Section B.7 Formal Development of Number Systems

Up to this point, we have been discussing number systems in an entirely informal manner, assuming everyone knew all that needed to be known. Now let’s pause and put things on a more firm foundation. So for the time being, do a memory dump and forget everything you have ever learned about numbers and arithmetic. The set of natural numbers has just been delivered on our door step in a big box with a warning label saying Assembly Required. We open the box and find a single piece of paper on which the following “instructions” are printed. These defining properties of the natural numbers are known as the Peano Postulates.
  1. There is a non-empty set of elements called natural numbers. There is natural number called zero which is denoted \(0\text{.}\) The set of all natural numbers is denoted \(\nonnegints\)

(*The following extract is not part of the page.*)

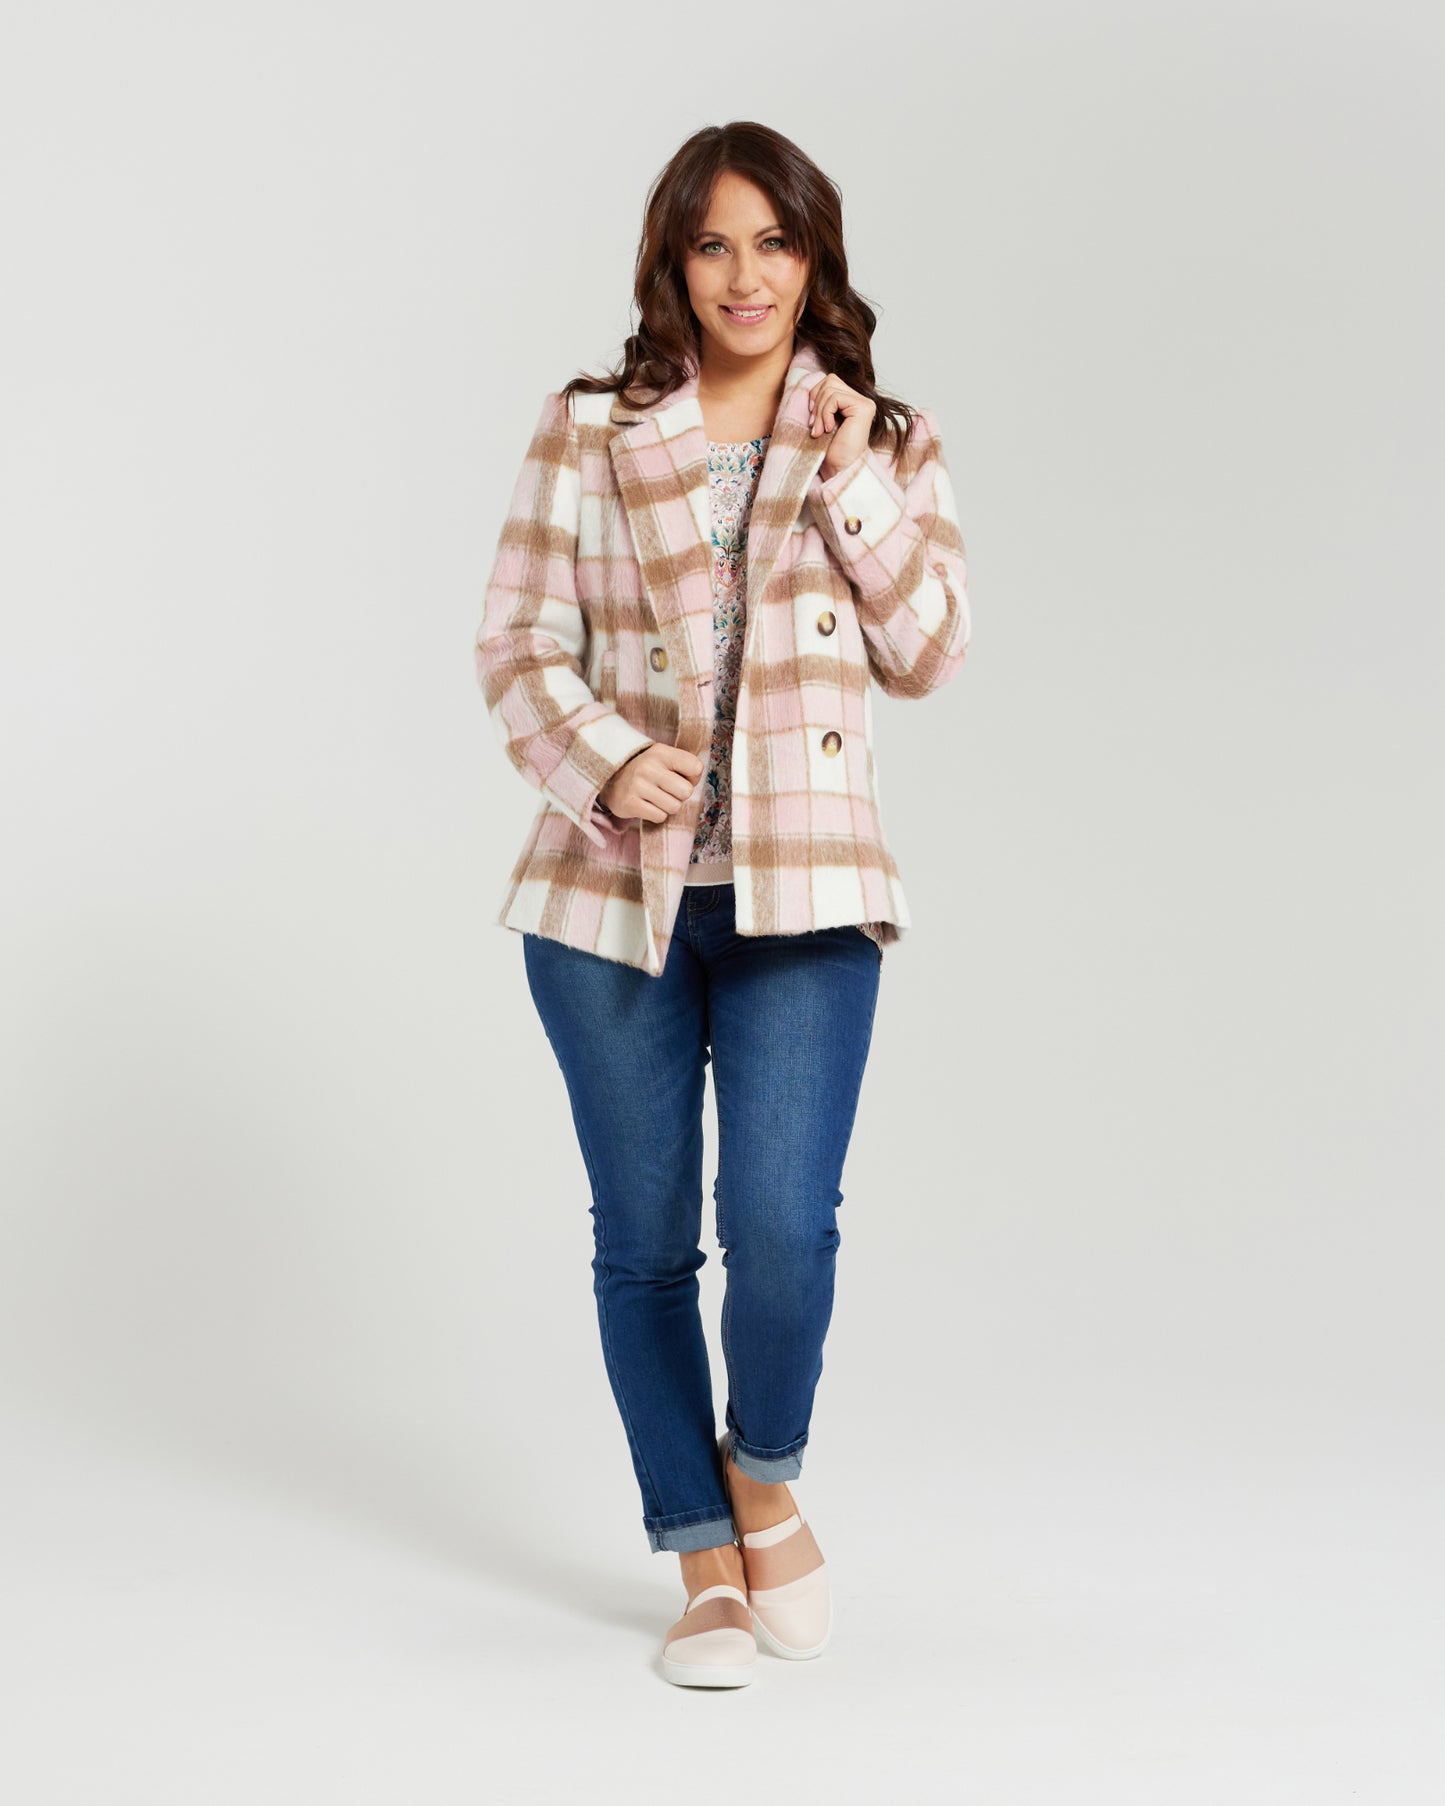 Zafina - Veda Jacket - Fluffy Plaid - Due 1st March

  2. There is a one-to-one function \(s:\nonnegints \injection \nonnegints\) called the successor function. For each \(n\in \nonnegints\text{,}\) \(s(n)\) is called the successor of \(n\text{.}\)

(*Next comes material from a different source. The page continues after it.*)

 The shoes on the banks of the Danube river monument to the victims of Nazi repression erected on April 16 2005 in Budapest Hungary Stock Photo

  3. There is no natural number \(n\) for which \(0=s(n)\text{.}\)
  4. Let \(\mathbb{M}\subseteq \nonnegints\text{.}\) Then \(\mathbb{M} =\nonnegints\) if and only if
    1. \(0\in \mathbb{M}\text{;}\) and
    2. \(\forall k\in \nonnegints\quad(k\in \mathbb{M}) \Longrightarrow(s(k)\in \mathbb{M})\text{.}\)
Property Item iv in the list of Peano Postulates is called the Principle of Mathematical Induction, or just the Principle of Induction. As a first application of the Principle of Induction, we prove the following basic property of the natural numbers.
Let \(\mathbb{S}=\{n\in\nonnegints:\exists m\in\nonnegints, n=s(m)\}\text{.}\) Then set \(\mathbb{M}=\{0\}\cup\mathbb{S}\text{.}\) We show that \(\mathbb{M}=\nonnegints\text{.}\) First, note that \(0\in\mathbb{M}\text{.}\) Next, we will show that for all \(k\in\nonnegints\text{,}\) if \(k\in\mathbb{M}\text{,}\) then \(s(k)\in\mathbb{M}\text{.}\) However, this is trivial since for all \(k\in\nonnegints\text{,}\) we have \(s(k)\in\mathbb{S}\subseteq\mathbb{M}\text{.}\) We conclude that \(\mathbb{M}=\nonnegints\text{.}\)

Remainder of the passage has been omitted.